The article goes into this, but reminder that cancer survival rates must be carefully considered as a part of a bigger picture. In short, if cancer patients are surviving on average 5 more years than, say, X years ago, but cancer is at the same time being detected 5 years earlier, then the expected length of life for a cancer patient remains the same. This is well-understood phenomenon in cancer statistics but often glossed over in press pieces and not particularly well understood by the general public.
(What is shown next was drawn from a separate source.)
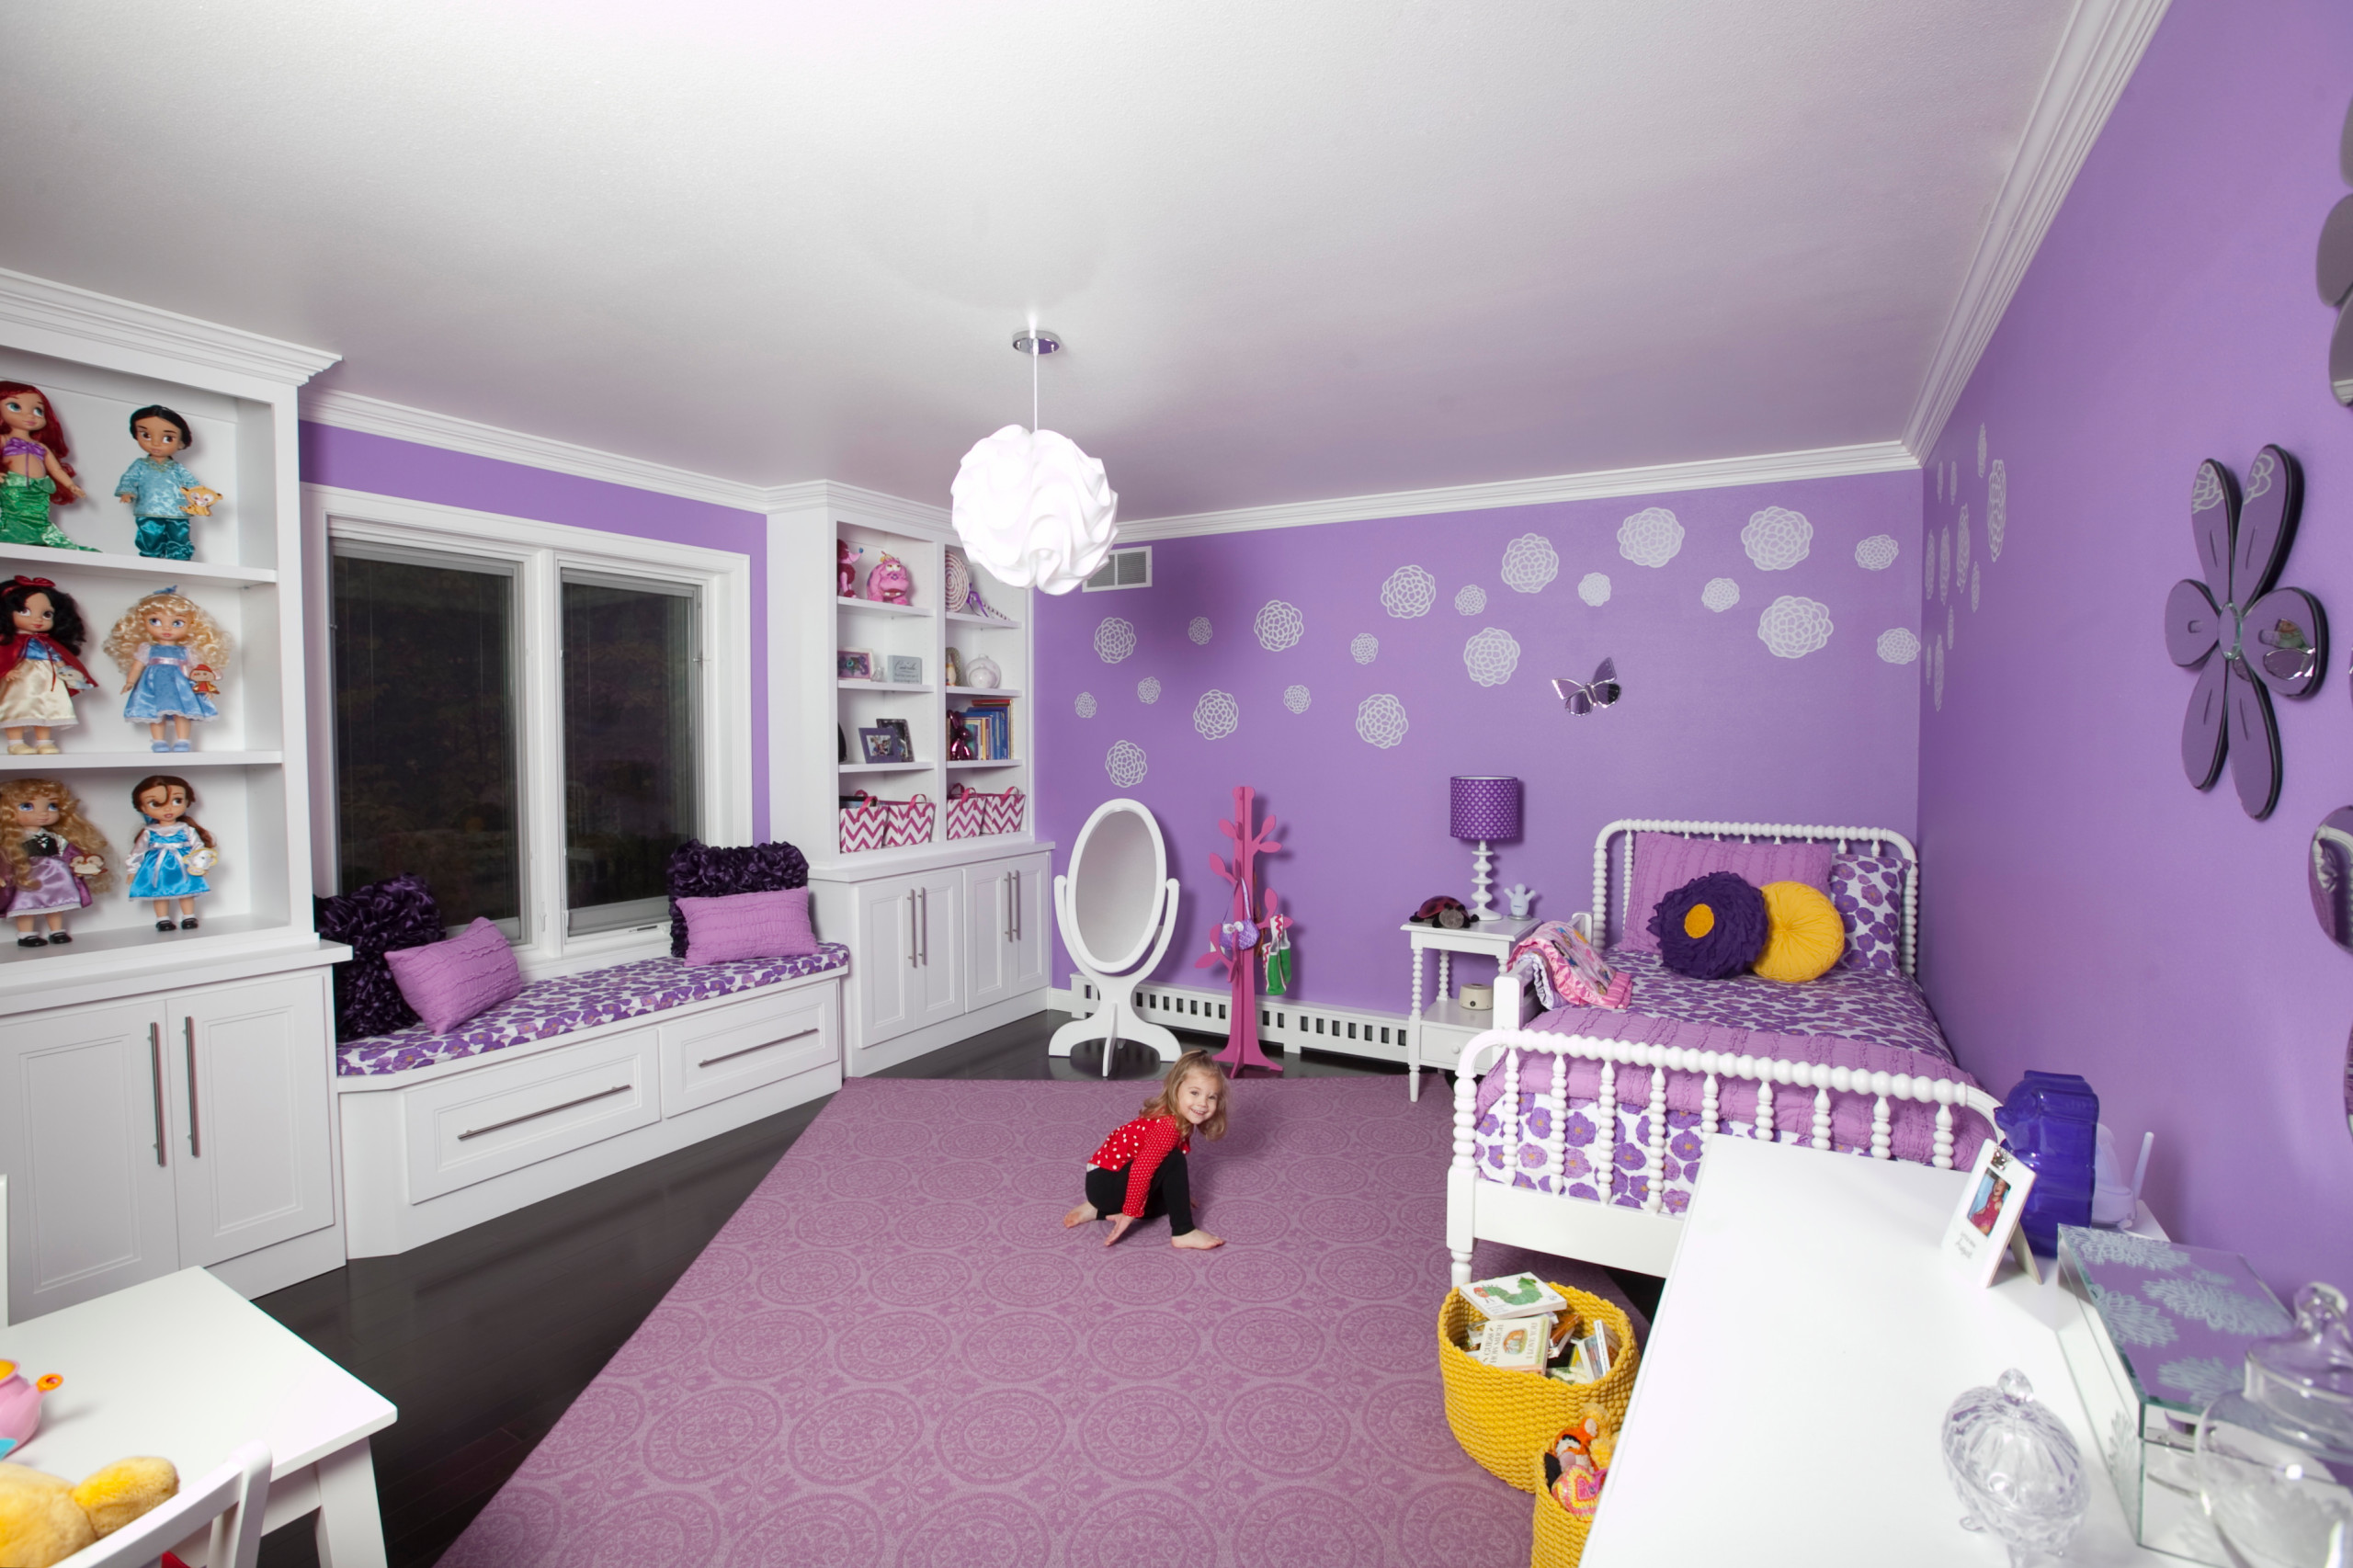 おしゃれな子供部屋 紫の壁 のインテリア画像 21年9月 Houzz ハウズ

https://slatestarcodex.com/2018/08/01/cancer-progress-much-m...
"""
Official statistics say we are winning the War on Cancer. Cancer incidence rates, mortality rates, and five-year-survival rates have generally been moving in the right direction over the past few decades.
More skeptical people offer an alternate narrative. Cancer incidence and mortality rates are increasing for some cancers. They are decreasing for others, but the credit goes to social factors like smoking cessation and not to medical advances. Survival rates are increasing only because cancers are getting detected earlier. Suppose a certain cancer is untreatable and will kill you in ten years. If it’s always discovered after seven years, five-year-survival-rate will be 0%. If it’s always discovered after two years, five-year-survival-rate will be 100%. Better screening can shift the percent of cases discovered after seven years vs. two years, and so shift the five-year-survival rate, but the same number of people will be dying of cancer as ever.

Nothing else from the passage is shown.